J’ai pu voir mon ami Moustapha Diakhaté, qui est placé en garde-à-vue à la police depuis. Il m’est apparu serein, coriace et aguerri face à l’épreuve. Je l’ai trouvé en bonne forme et j’avoue être soulagé, après notre discussion, qu’il ait accepté d’adopter ma nouvelle posture, celle de garder le silence.
Son franc-parler n’a pas fini de lui causer des déboires, depuis le régime du Président Abdou Diouf et je demeure convaincu qu’il l’emportera dans sa dernière demeure, le plus tard possible, s’il plaît à Dieu.
Je ne doute pas qu’il retrouvera très vite les siens, parce que l’on ne saurait reprocher indéfiniment à un citoyen d’exprimer son opinion, de se soucier de l’avenir de la Nation à laquelle il appartient et qu’il a choisi de servir, quoi qu’il lui en coûte.
Moustapha Diakhaté est fait d’un seul bloc : celui de la franchise, de la loyauté, d’un amour immodéré pour son pays, du respect des valeurs humanistes, de la République et des sacro-saints principes démocratiques.
C’est ce que nous partageons en commun.
Pour ma part, je lui ai suggéré l’attitude que je décide d’adopter. Les électeurs sénégalais ayant décidé, le 17 novembre 2024, de voter massivement pour la liste de Pastef et confier les pleins pouvoirs à Ousmane Sonko, je me donne un temps d’observation au moins le temps d’un semestre tout en silence, pour savoir où tout ceci va nous mener.
De toutes manières, avec la majorité mécanique que le peuple sénégalais vient de leur octroyer au Parlement, ils auront le loisir de montrer ce qu’ils sauront faire de ce beau pays. Ousmane Sonko et son régime pourront faire adopter toutes les réformes qu’ils voudront, le peuple sénégalais, qui leur a donné tous les armes et leviers, s’en accommodera. J’exhorte les nouveaux députés de l’opposition à adopter la même attitude du silence. En effet, chercher à faire barrage à leurs velléités sera chercher à arrêter la mer avec ses bras. Quoi que vous diriez, ils feront ce qu’ils voudront. Votez leurs textes ou, à tout le moins, abstenez-vous lors du vote et dans les débats. Toute autre attitude équivaudra à une certaine légitimation de leur pouvoir autocratique. Les Sénégalais mesureront par eux-mêmes l’ampleur de leur méprise. On respecte certes le choix des électeurs même si nous avons la conviction qu’ils se sont trompés et qu’ils le réaliseront fatalement. « Le temps est le seul juge », disait un certain François-Marie Arouet, célèbre écrivain sous la plume de Voltaire.

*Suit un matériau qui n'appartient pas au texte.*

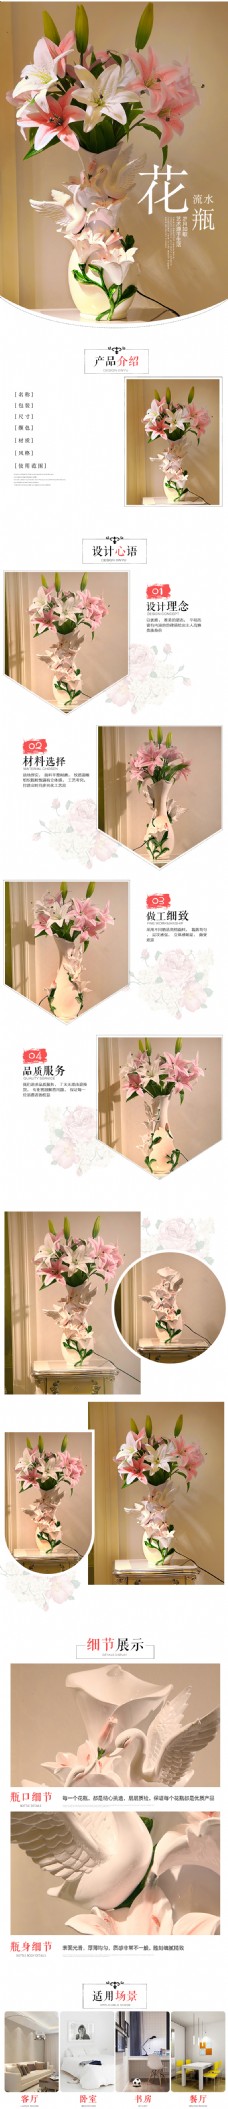 植物花瓶详情页

Je dois souligner que j’ai également trouvé totalement injuste qu’on veuille dénier à Moustapha Diakhaté le droit de critiquer des adversaires politiques alors que ceux-là mêmes insultent copieusement leurs soi-disant contempteurs. Son arrestation, pour reprendre le mot de Me El Hadji Amadou Sall, un de ses avocats, « est une prise d’otage avec une demande de rançon, qui est de l’obliger à fermer sa bouche ».
Nous décidons de payer solidairement la rançon ; c’est, encore une fois, par notre silence.
Assurément, qu’un Moustapha Diakhaté disparaisse de la scène politique ne manquerait pas d’enchanter quelques personnes. Nous n’avons pas vocation de devenir des martyrs mais plutôt nous espérons faire partie, comme Moustapha Diakhaté, de ceux qui se feront le devoir de s’évertuer à consoler notre peuple abusé. Le peuple sénégalais aura certainement besoin de nous. Soyons prêts à servir la démocratie. Nous ferons notre bilan, nous pencherons sur nos stratégies, nos faiblesses et nos forces, réfléchirons aux offres que nous ne manquerons pas de présenter à l’occasion des futures échéances électorales.
C’est tout le sens de notre engagement. Au demeurant, nous resterons stoïques, sourds, muets et aveugles face aux provocations qui ne manqueront guère.
En attendant, je vais en revenir à Voltaire pour faire comme son personnage, Candide : « cultiver mon jardin ». J’entends consacrer les six prochains mois à la production littéraire et au spectacle des matchs de football.